Publié le 12 mars 2019
Un extrait de mon prochain livre aux PUF sur l'Eloquence :
"On les appelle les « ténors du barreau », ce sont les avocats pénalistes que l’actualité judiciaire et les grands faits divers ont rendu célèbres. Chaque époque a ses visages. Mais ce qu’il convient de noter en préalable, c’est ce que suggère la métaphore qui les désigne familièrement : des ténors…Le mot renvoie évidemment à l’Opéra, au spectacle, à la mise-en scène, à une voix qui porte et qu’on entend de loin mais aussi aux clichés associés aux divas, caprices, sautes d’humeur, égocentrisme etc.
Ces grands avocats sont souvent considérés comme des « stars » de l’Eloquence pour les causes qu’ils doivent plaider :il s’agit parfois de défendre l’indéfendable (Barbie, Haulme etc.), de choisir d’explorer la dimension la plus obscure et la moins avouable de la psychologie, de protéger le criminel contre ses victimes etc. Les grandes plaidoiries qui viennent conclure les procès médiatiques sont généralement des « morceaux de bravoure » et on comprend aisément pourquoi « l’éloge paradoxal » est la « pierre de touche » de l’Eloquence.

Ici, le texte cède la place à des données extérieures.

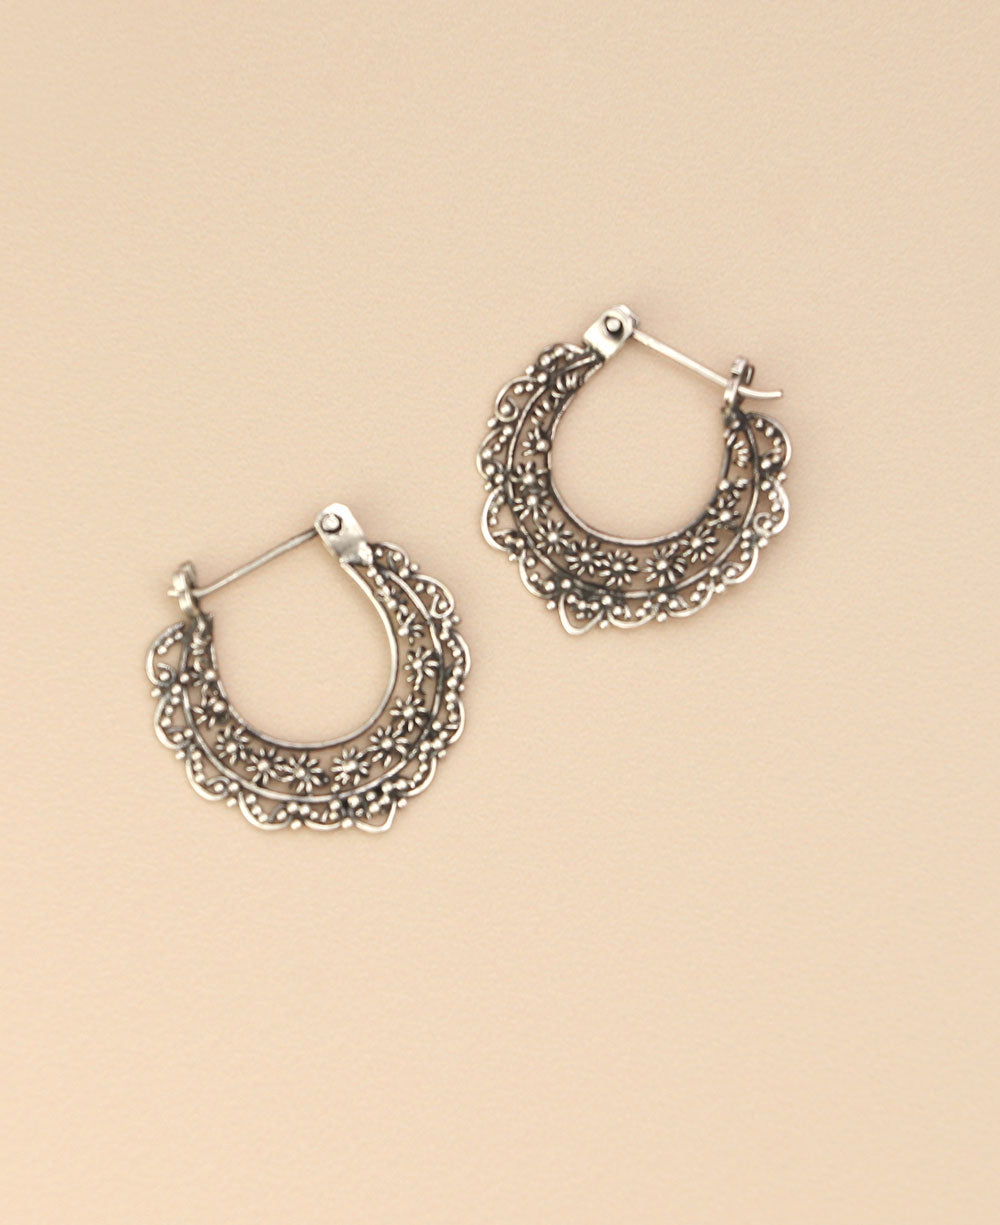 Fan-shaped filigree hoop earrings with floral details

Après Jacques Vergès, qui s’autoproclama « l’avocat du Diable », Gilbert Collard, Olivier Metzner ou Jean-Marc Varaut qui en leur temps ont eu à défendre des causes célèbres, on a vu peu à peu s’affirmer la personnalité d’Eric Dupond-Moretti qui à plusieurs titres mérite sa place parmi les figures de l’Eloquence. En effet, le personnage est tout d’abord auréolé d’une réputation d’invincibilité : 120 acquittements revendiqués, au même titre que des combats de boxe ! Avec, allusion tauromachique oblige, un surnom gagné dans le prétoire : acquitador. Mais Eric Dupont Moretti, c’est aussi et surtout une voix, un visage, un corps. A l’entendre on comprend d’emblée que l’Eloquence passe par l’incarnation. Enfin le tropisme qui semble le pousser vers la comédie, au sens large, et le conduit sur les plateaux de tournage (d’un Claude Lelouch, par exemple) ou sur la scène du théâtre de la Madeleine est révélateur de l’écueil sur lequel pourrait échouer un grand avocat : quand on met tout son talent à représenter un client, il n’est pas assuré qu’on trouve celui de ne représenter que soi-même."
Eric Cobast, fondateur et directeur de l'Académie de l'Eloquence.